I’ve made this soup several times as it is very easy. Its pretty good soup too but I agree with some other reviews – it needs way more seasoning! I added ATLEAST double of everything and possibly tripled the salt. Besides that I’ll make again. After adding more seasoning, it turns out delicious.
PS: if you’re planning on blending the whole soup mixture, only use 6 cups of broth. If you add all 8 cups, it’s a little too thin.

Avatar of Julie Bohrer

Julie Bohrer on 3.21.2014

This is a delicious variation on potato soup. I make it meatless. Instead of using the bacon fat I melt 2 TBsp of butter and I add a clove or two of minced garlic about a minute before adding the veggies. I also threw in 4 oz of cream cheese towards the end. Yumm, family loves it!

Avatar of Linda

Linda on 2.13.2014

I made this last night. It was delish! I did not use the cream, and I threw the cooked bacon into the pot at the end. Other than that I didn’t change a thing.

Avatar of Cathey

Cathey on 1.24.2014

Delicious, I added 3 leeks with the vegetables. Dash of smoked paprika with the cayenne and did not remove the bacon grease, since I had so many vegetables it need the grease to saute.
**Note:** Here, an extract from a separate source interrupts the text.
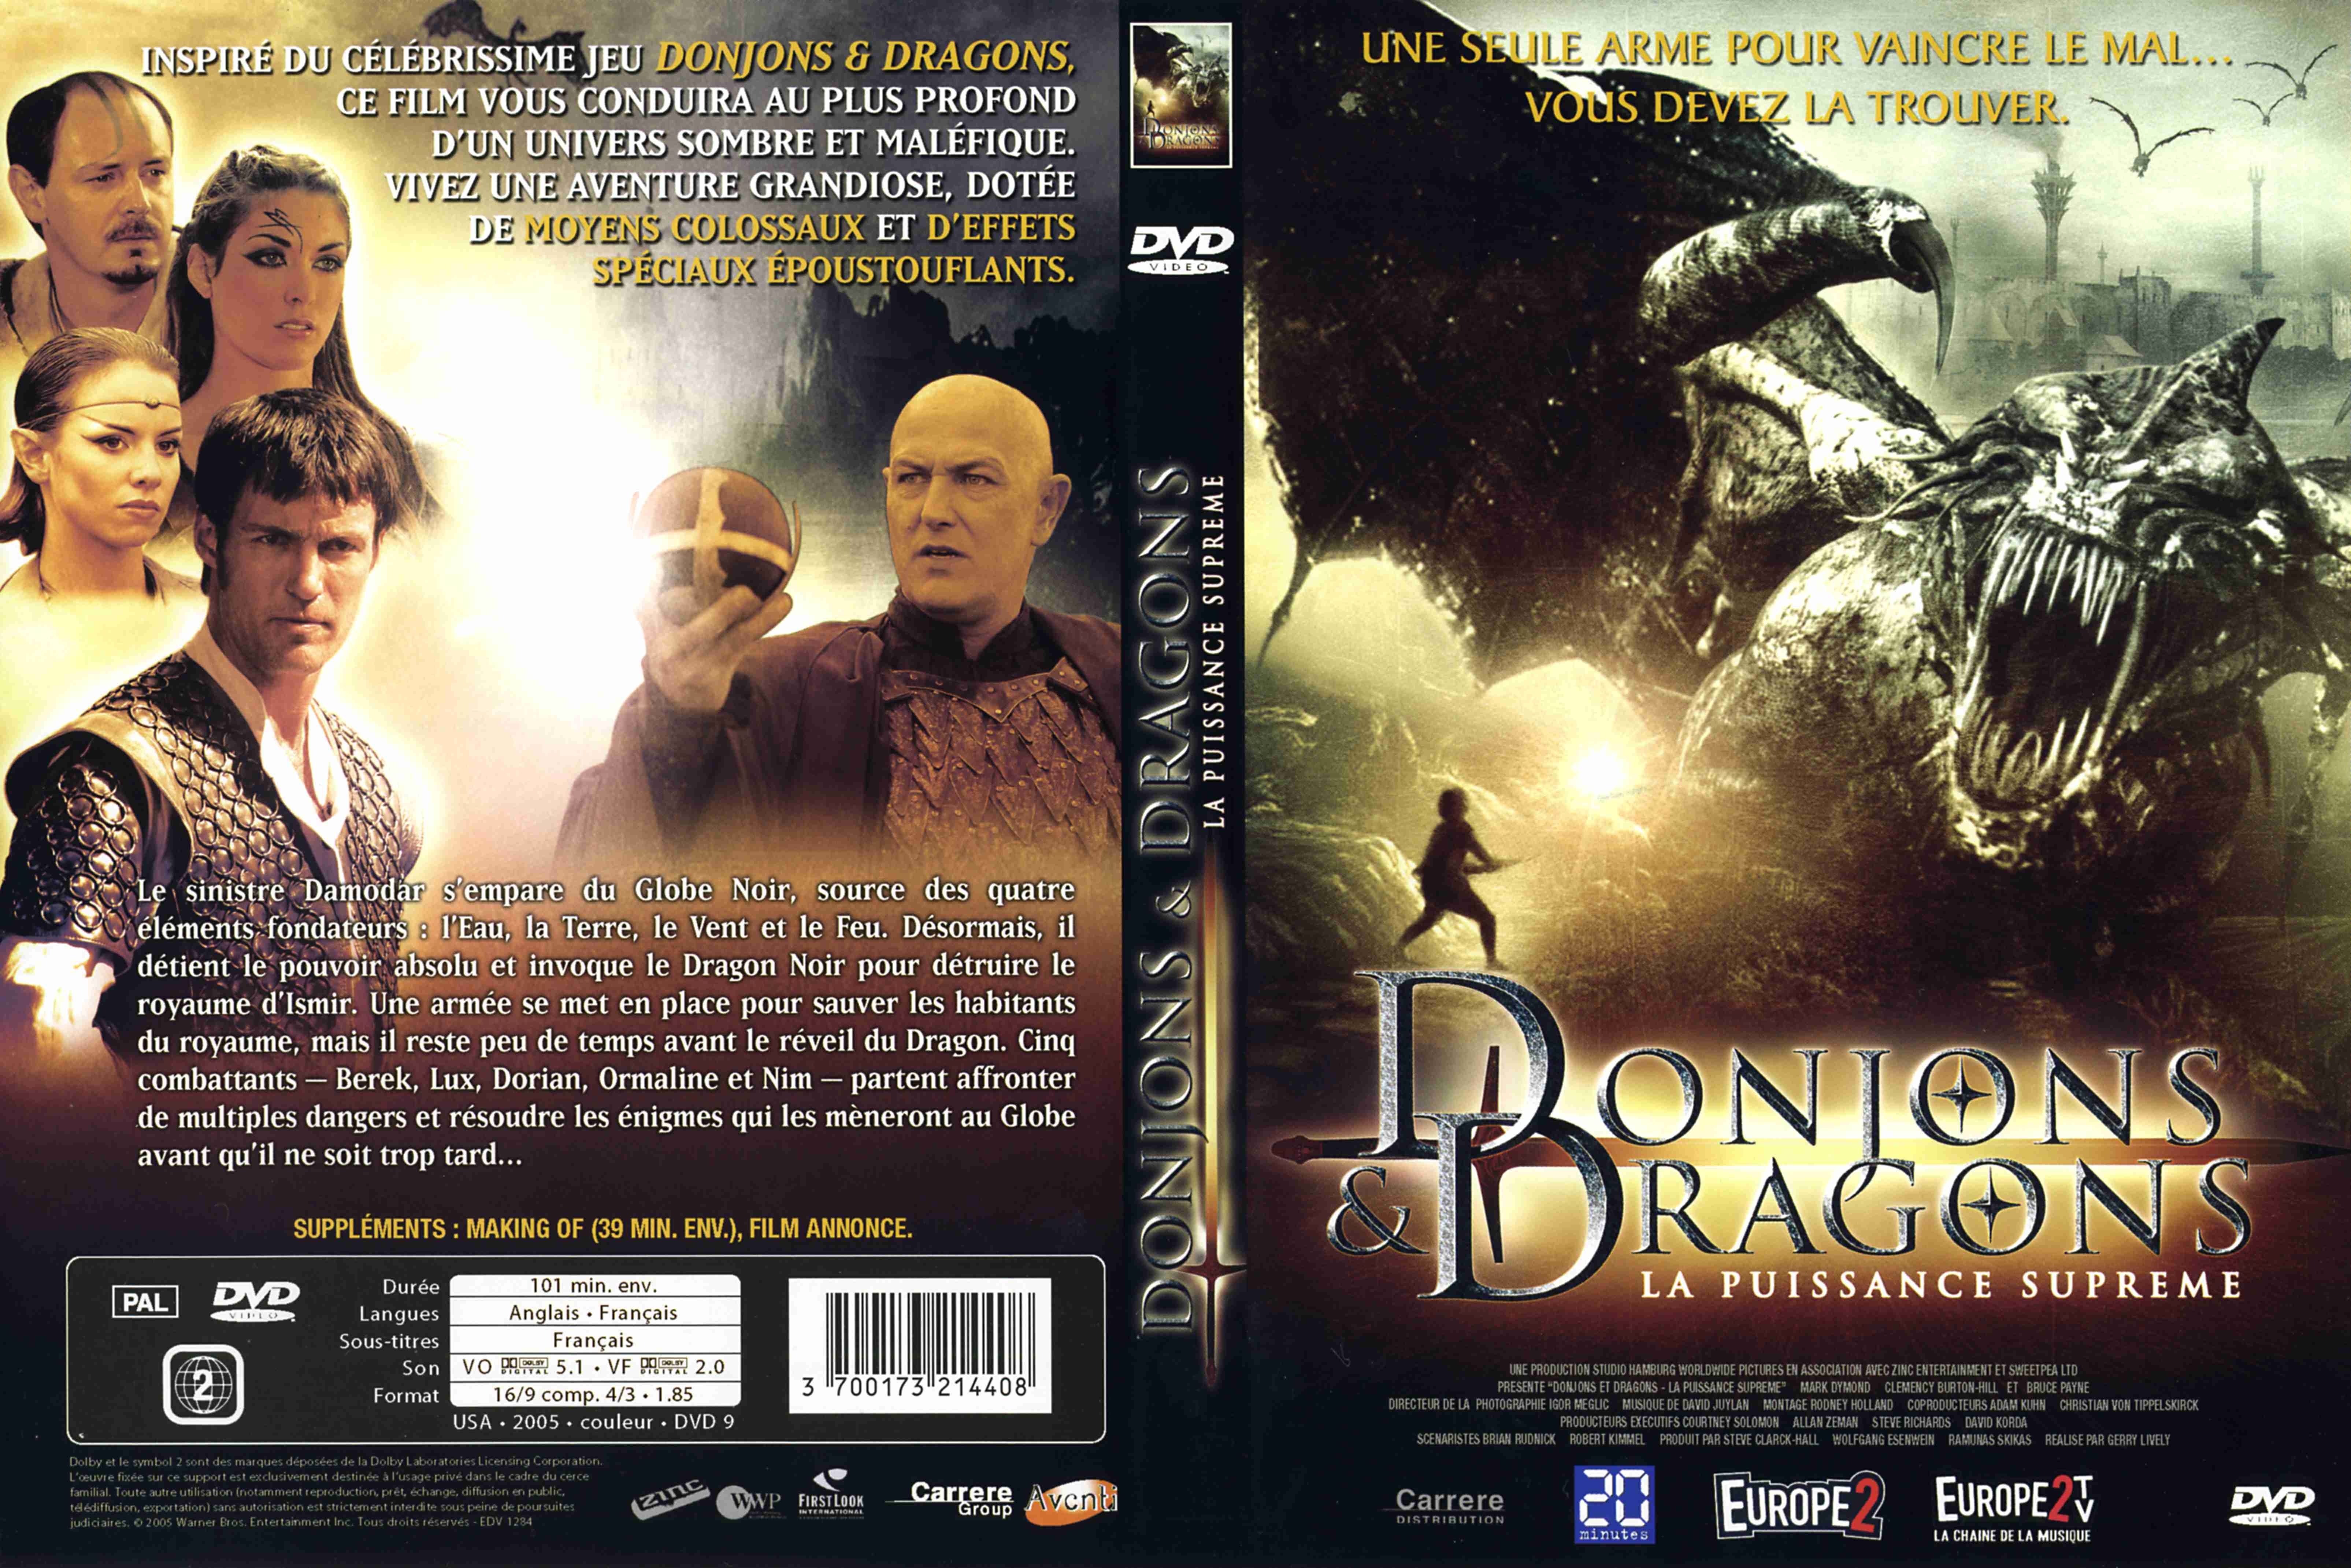 Jaquette DVD Donjons et dragons 2 v2

The soup had a nice bacon flavor with the heat of the spice. We skipped the cheese, didn’t need it. Will make again, especially when it 5 degrees out like yesterday.

Avatar of lmgordontx

lmgordontx on 10.13.2013

This soup is so easy and everyone loves it. I use cheddar cheese and don’t add the Cajun spice as I have one who doesn’t like anything spicy and it is still yummy!